The circumstances of his disappearance are fairly well known. In September 2006 unidentified gunmen demanding the Vice Chancellor's resignation, kidnapped the Dean of the Faculty of Arts of EUSL, Dr. Bala Sugamar who was released only after Professor Raveendranath signified his readiness to resign. He rendered his resignation on 2nd of October 2006 but this was accepted by the University Grants Commission only on 19th January 2007. It was during this intervening period that his abduction took place. Prior to this, he had received repeated death threats demanding his resignation.
Media reports have implicated responsibility for his disappearance to the Karuna faction which, in turn, has blamed the Liberation Tigers of Tamil Eelam (LTTE). Regardless, one single factor stands out; the abduction took place in an area in the city centre heavily patrolled by the security forces, not in some remote road in the East. The inference therefore is either that the LTTE was strategic enough to get away with a high profile abduction in the heart of such a high security area or that the Karuna group was implicitly allowed to abduct the academic. Whichever this may be, the implications that either of these two possibilities holds out for the image of the government is profoundly negative.
Reportedly, the SLAAS, (in a statement on Prof Raveendranath's abduction) has noted as follows: "This reads more like something that could happen to a mafia boss, rather than to a respected professor, the head of an academic institution peacefully attending a research conference. Yet, what this shows is that scientists, scholars and educators are not free from harassment and even violent death (as in the cases of Neelan Tiruchelvam and Rajani Thiranagama), at the hands of terrorist and criminal elements that rule the roost in Sri Lanka today." The statement asks the further poignant question; "Many politicians appear to be in the pay of these underworld elements or at least owe their positions to them. What defence do we as scientists, have against these criminals?

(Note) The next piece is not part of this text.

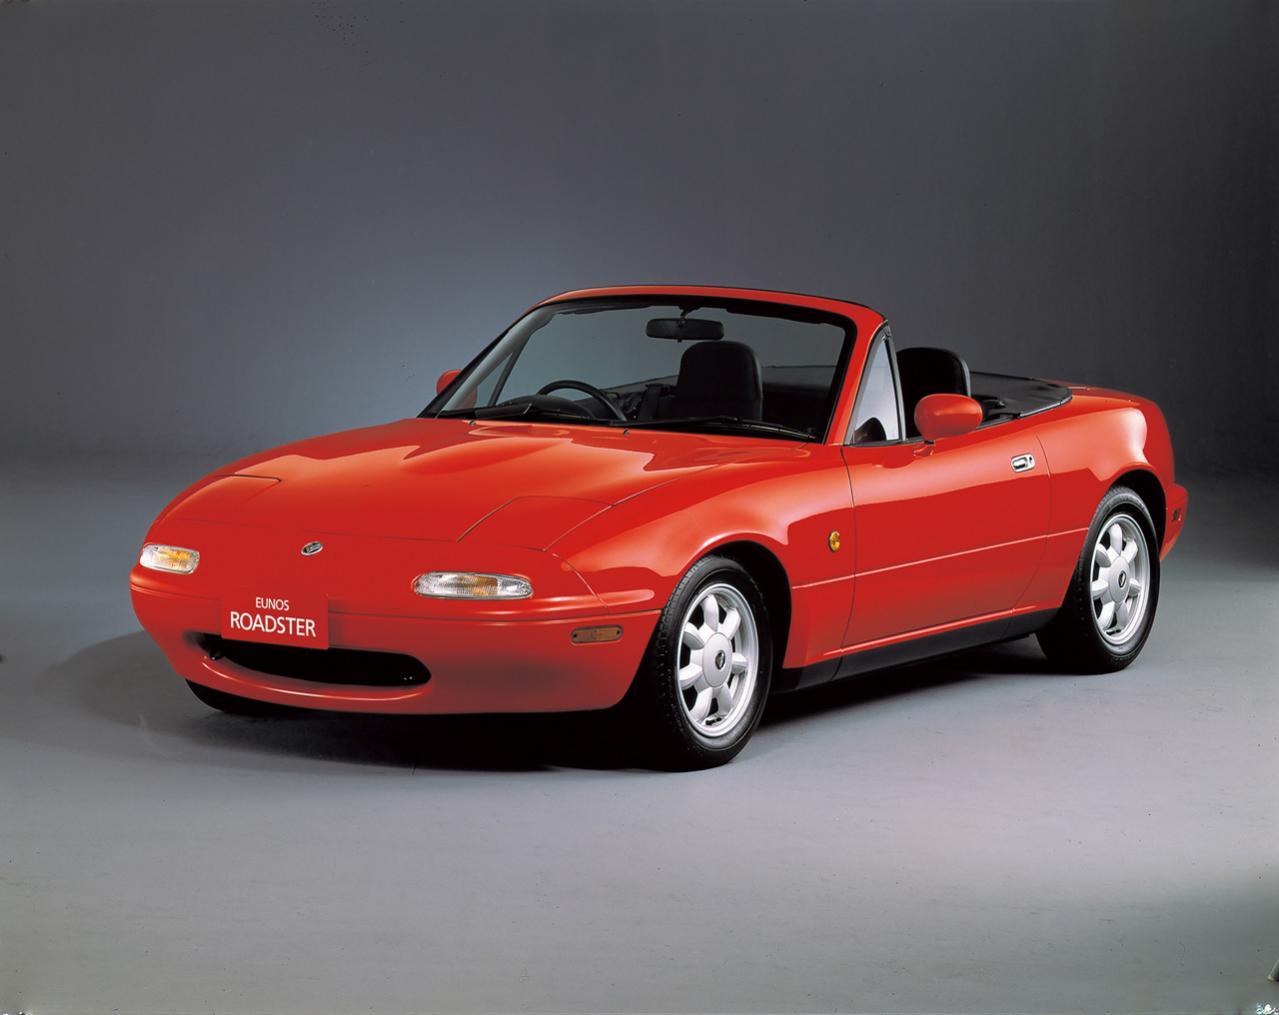 マツダの初代ロードスター(NA型)が「2019日本自動車殿堂 歴史遺産車」に選定!  2003年のコスモスポーツに続く二度目

One may well ask the related question - what protection does the law provide against such criminals? The dilemma of enforced disappearances is an old problem for Sri Lanka, a country which during the eighties recorded the second highest number of recorded disappearances in the world, second only to Iraq. Yet, despite this horrendous history, this country has been unable to put into place effective investigative structures or indeed, enact the necessary deterrent laws
It may be recalled that, in paragraph 10 of its Concluding Observations in 2003, the UN Human Rights Committee had expressed its concern regarding the large number of enforced or involuntary disappearances of persons during the time of armed conflict in Sri Lanka and particularly about the State party's inability or inaction in identifying those responsible and bringing them to justice. This, together with the reluctance of victims to file or pursue complaints, was pointed out by the Committee to create an environment that is conducive to a culture of impunity. "The state party is urged to implement fully the right to life and physical integrity of all persons and give effect to the relevant recommendations made by the UN Working Group on Enforced or Involuntary Disappearances…", the body stated.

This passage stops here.